In order to control the LCD of the DE2 board, we will use 3 supplementary interfaces: one for sending data to the LCD, one for specifying the sent data is data or commands and one for starting the communication. All these interfaces will be PIO components as shown in the figure. The first interface, called lcd_data, is an output parallel interfacem with an 8-bit width as displayed in the image. After selecting the data width and dirrection click the Finish button

Rename the previously added PIO interface as lcd_data and set its base address to 0x04000 as in the figure. Observe that the newly added interface is by default connected to the data_master of the CPU. This way the CPU will communicate with at least two slaves: one associated with the data memory and another one associated with the lcd_data. The selection of one of them is done dependent of the access address. This is because the Nios II interfaces (such as the lcd_data) are memory mapped, meaning that the data transfers with the components are realized using memory read/write instructions (moreover the interfaces are assigned a base address, with respect to which all communications are realized)

In a similar way add two more output PIO components, of only 1-bit width, one named: lcd_data_cmdn (selecting the transfer of data vs command to the LCD) and another one named lcd_exec, used for issuing the LCD command/data. Additionally, add an input PIO named lcd_busy, which will be checked by the CPU after every LCD operation, to assure the LCD finished the execution. Moreover, imeediately after the activation of the reset signal, the LCD will be busy for at least 20 ms, thus making it necesary for the written program running on the CPU to first check that the initialization sequence of the LCD has finished before attempting any operation with the display. Optionally one can add a supplementary line, allowing to reset the LCD Driver, named lcd_reset, as an output, 1-bit PIO. The mentioned components together with their base addresses are depicted on the figure.

Additional interfaces can be added to the Nios II system, such as, for example, lines form reading characters from a keyboard connected to the DE2's PS/2 port. For this particular scenario, two more PIOs are required, both being inputs (data is read from the Keyboard Driver), one of 8-bit width and another one of only 1-bit width. the module kb_key_data, as depicted in the figure, is used to read the ASCII code of the last released key, while the kb_key_released, become active, for several clock cycles immediately after the key was released. In order to read a key properly, the key_released line must be asserted of value 1, and after the data was read on the key_data lines, the inactive level of key_released will need to be asserted.

As mentioned in an earlier step, the three vectors need to be set for the nios CPU befor being able to generate the architecture. Double click the cpu component (1) to modify its configuration and select the program ram for the reset vector and the exceptin vector (2). Leave the offset as provided. Similarly in the forth step (the JTAG Debug Module screen) set the program ram as the memory for the Break vector. The Memory selection indicate that immediately after a reset, or after an interrupt is taken or after a debug request is granted by the CPU, its Program Counter is loaded with the address of the routine for treating the respective event, address computed by adding the respective offset to the base address of the memory module selected. Because we do not use interrupts, nor debugging facilities, we can safely set the same offset for the two routines.
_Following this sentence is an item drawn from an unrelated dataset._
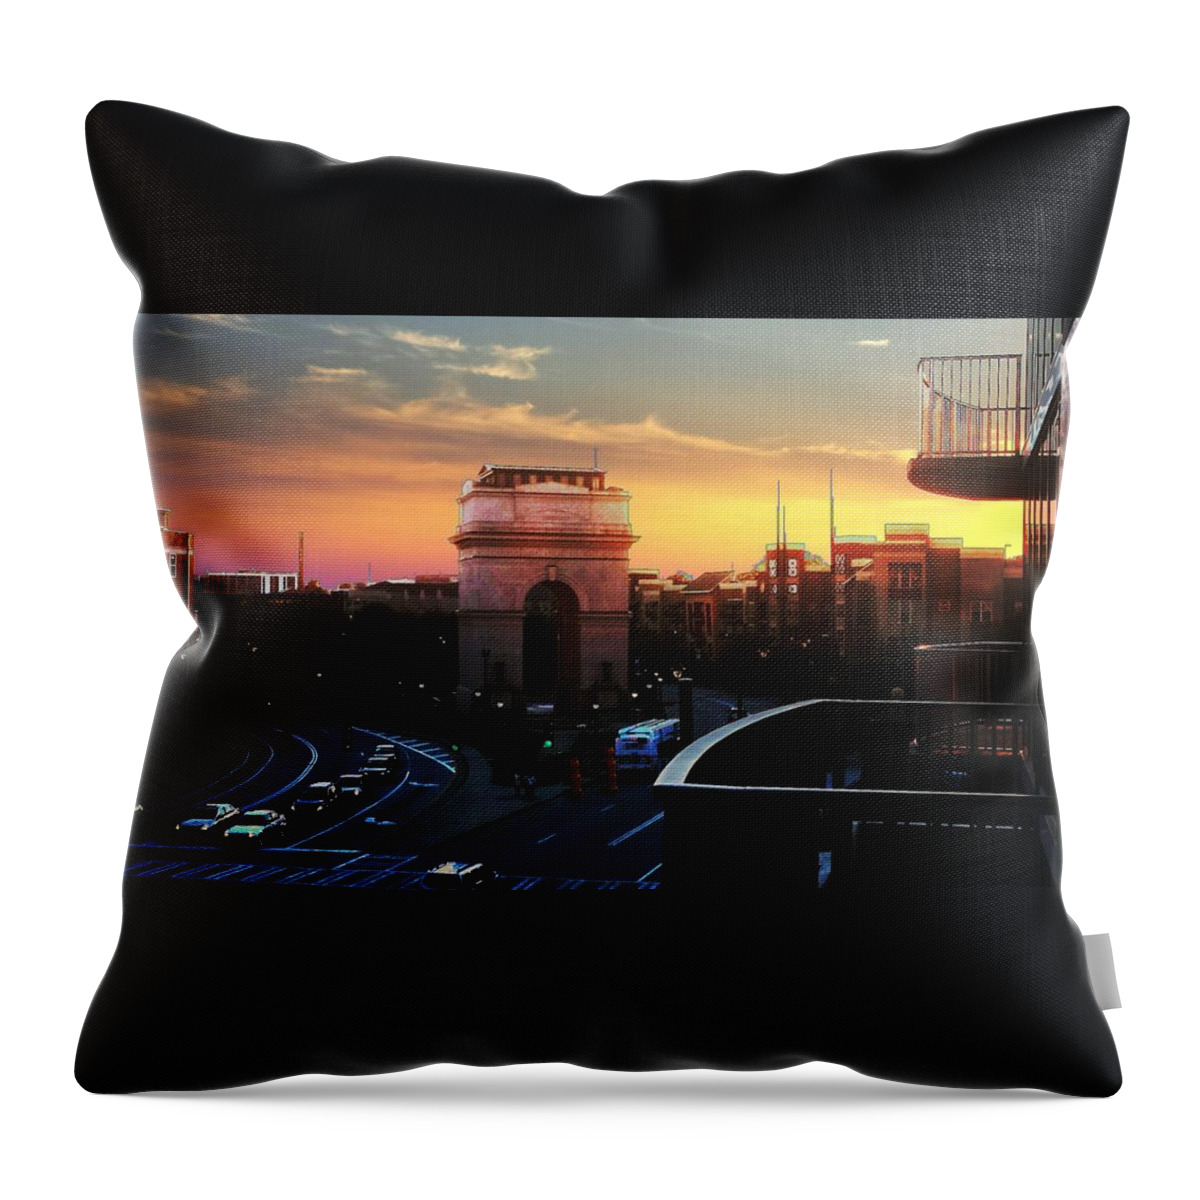 Sunset Throw Pillow featuring the photograph Atlantic Station Sunset Vista by Kenny Glover

After configuring the system and solving all the errors displayed in the message section, click the Generate button

After a successful generation a new symbolis created for the Nios II system, the new component becoming available in the Quartus, as shown in the picture.

After inserting the CPU system in the design its port are connected to the input/output pins and/or to the other components (LCD Driver for example) as described in the Quartus Project Creation tutorial.